Division of Bioinformatics and Statistics, School of Public Health, National Defense Medical Center, Taipei 114, Taiwan.
Department of Surgery, Cathay General Hospital, Taipei 106, Taiwan.
Dis Markers. 2014;2014:634123. doi: 10.1155/2014/634123. Epub 2014 May 19.
Microarray technology shows great potential but previous studies were limited by small number of samples in the colorectal cancer (CRC) research. The aims of this study are to investigate gene expression profile of CRCs by pooling cDNA microarrays using PAM, ANN, and decision trees (CART and C5.0).

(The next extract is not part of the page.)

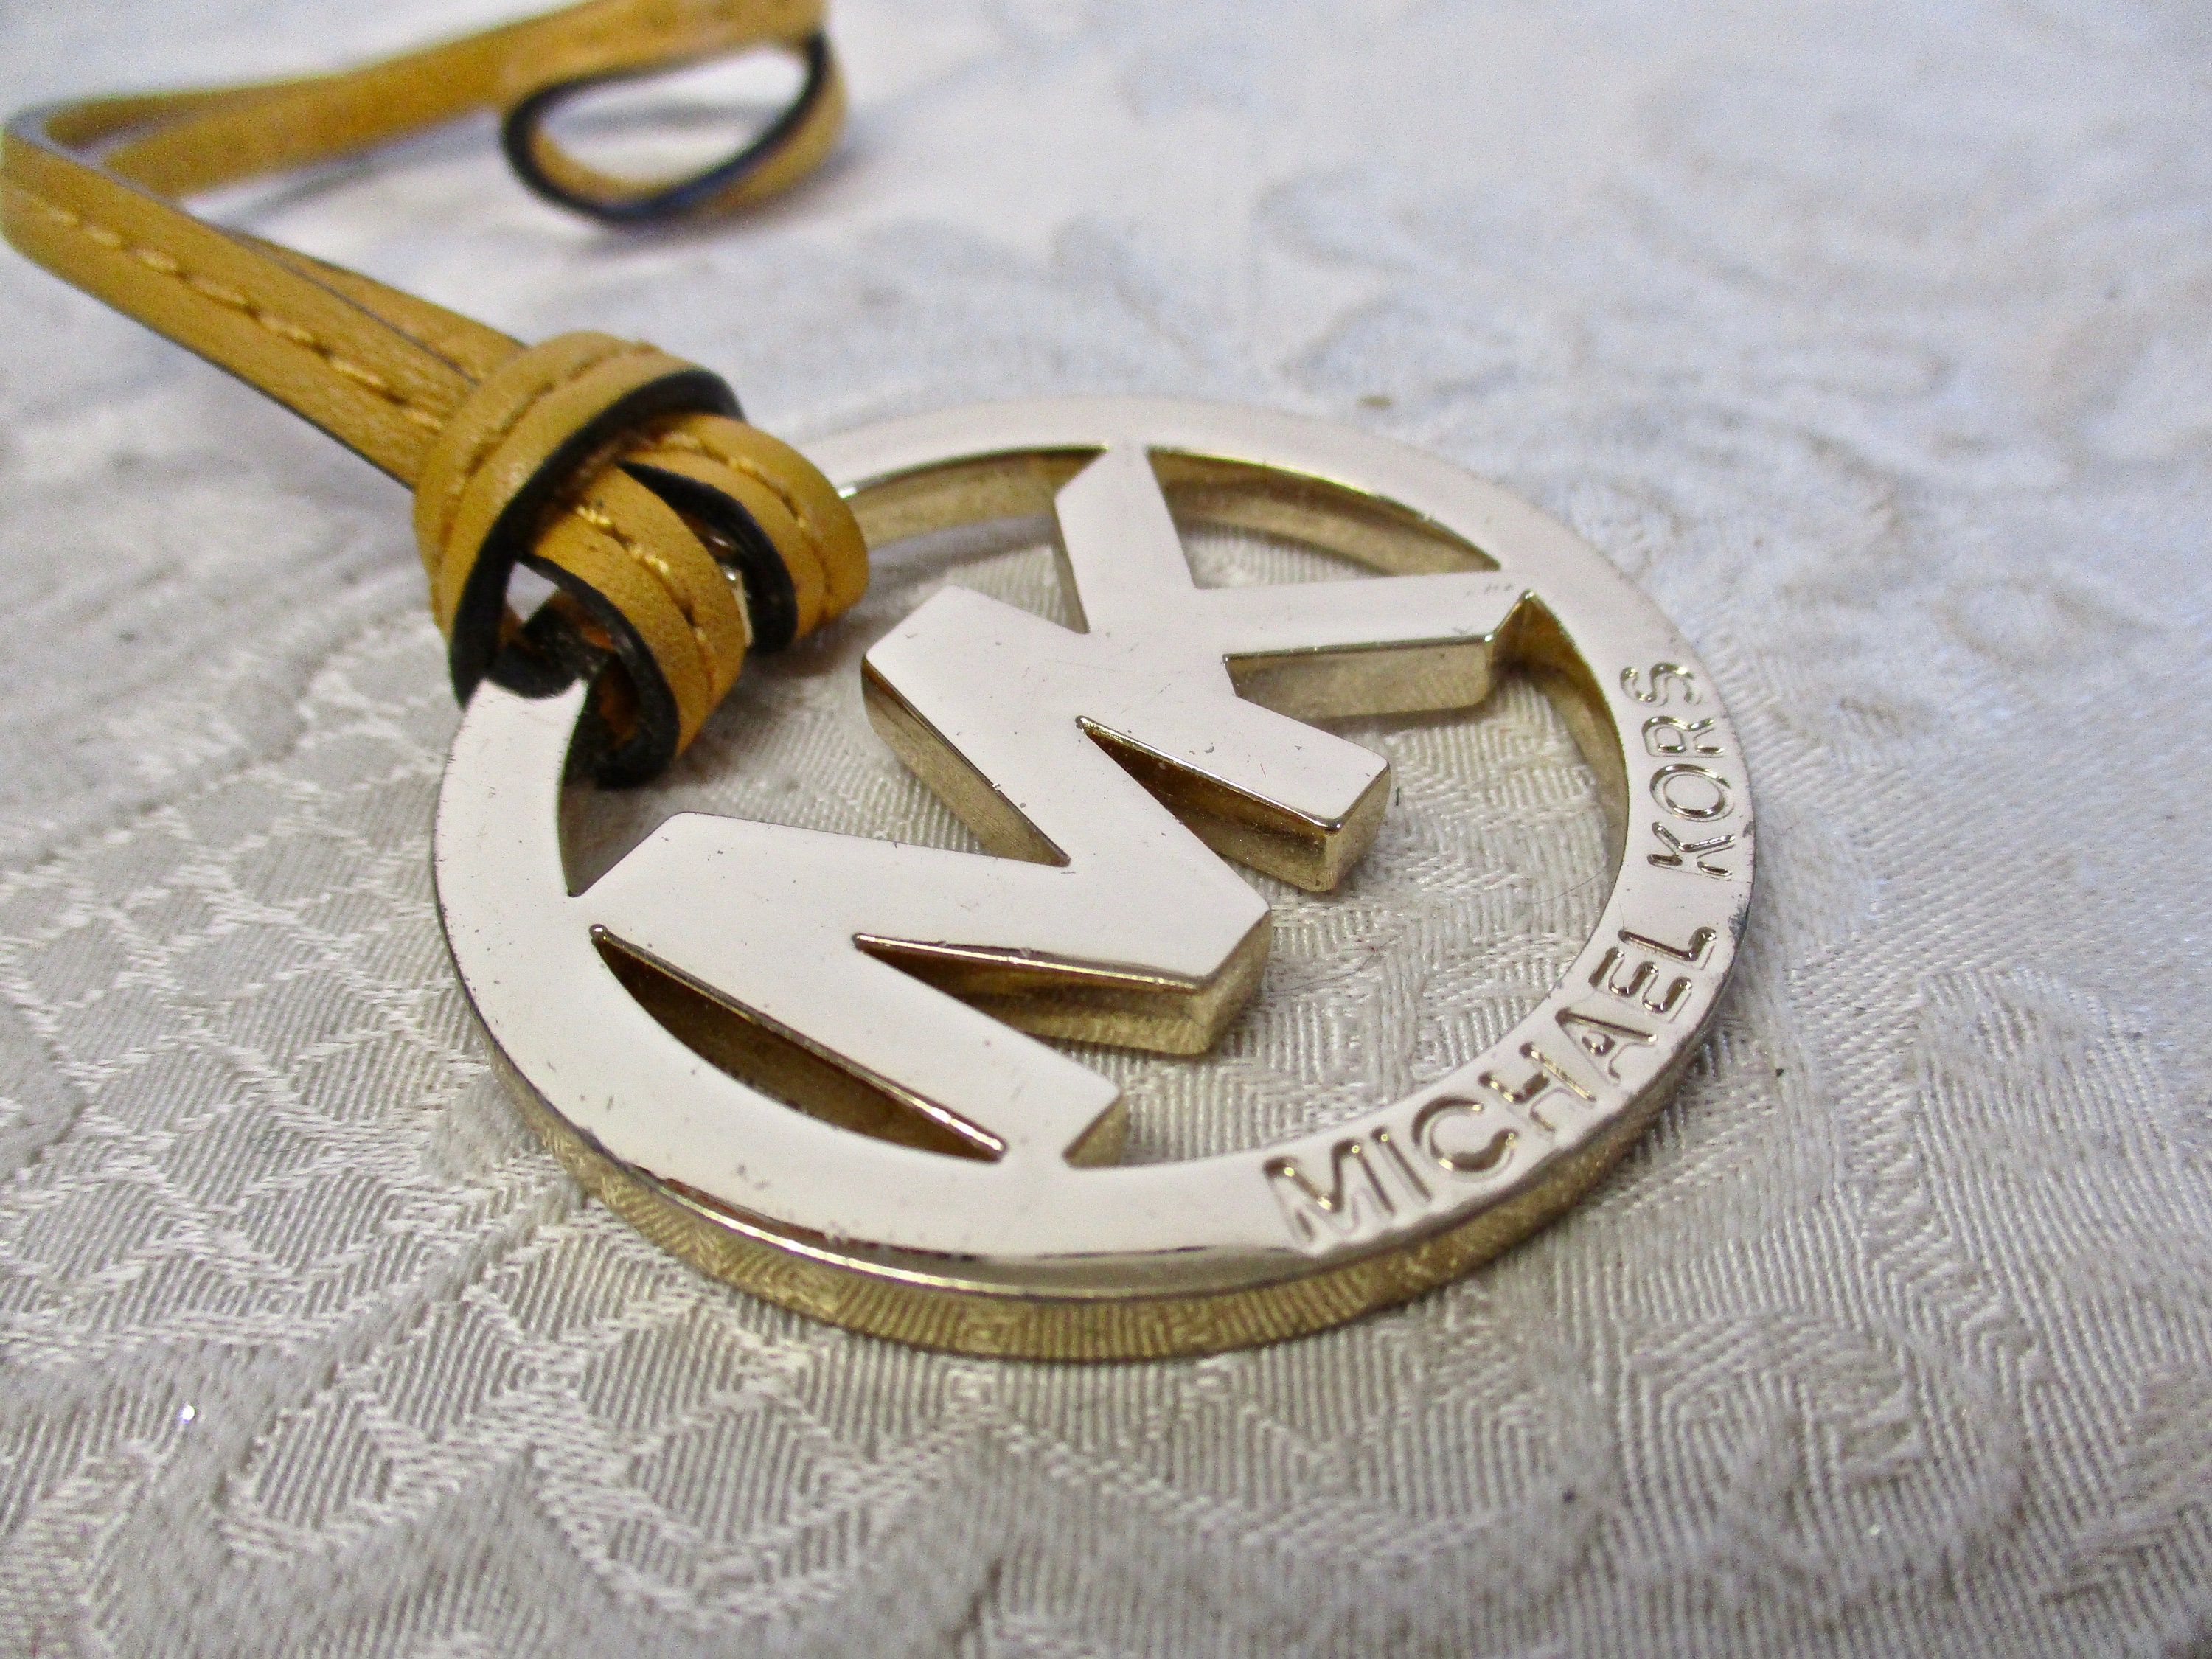 Michael Kors Mini Purse Keychain Fob Gold Color Bag charm Key holder

Pooled 16 datasets contained 88 normal mucosal tissues and 1186 CRCs. PAM was performed to identify significant expressed genes in CRCs and models of PAM, ANN, CART, and C5.0 were constructed for screening candidate genes via ranking gene order of significances.
The first screening identified 55 genes. The test accuracy of each model was over 0.97 averagely. Less than eight genes achieve excellent classification accuracy. Combining the results of four models, we found the top eight differential genes in CRCs; suppressor genes, CA7, SPIB, GUCA2B, AQP8, IL6R and CWH43; oncogenes, SPP1 and TCN1. Genes of higher significances showed lower variation in rank ordering by different methods.
We adopted a two-tier genetic screen, which not only reduced the number of candidate genes but also yielded good accuracy (nearly 100%). This method can be applied to future studies. Among the top eight genes, CA7, TCN1, and CWH43 have not been reported to be related to CRC.
微阵列技术显示出巨大的潜力,但以前的研究受到结直肠癌(CRC)研究中样本数量较少的限制。本研究旨在通过使用 PAM、ANN 和决策树(CART 和 C5.0)对 cDNA 微阵列进行汇集,来研究 CRC 的基因表达谱。
汇集了包含 88 个正常黏膜组织和 1186 个 CRC 的 16 个数据集。通过 PAM 鉴定 CRC 中显著表达的基因,并构建 PAM、ANN、CART 和 C5.0 模型,通过对基因显著性排序来筛选候选基因。
第一次筛选确定了 55 个基因。每个模型的测试准确率平均超过 0.97。不到 8 个基因达到了优秀的分类准确率。结合四个模型的结果,我们发现 CRC 中存在前 8 个差异基因:抑癌基因 CA7、SPIB、GUCA2B、AQP8、IL6R 和 CWH43;致癌基因 SPP1 和 TCN1。基因的显著性越高,不同方法的排序变化越小。
我们采用了两阶段遗传筛选,不仅减少了候选基因的数量,而且还获得了接近 100%的良好准确性。这种方法可以应用于未来的研究。在这 8 个基因中,CA7、TCN1 和 CWH43 尚未被报道与 CRC 有关。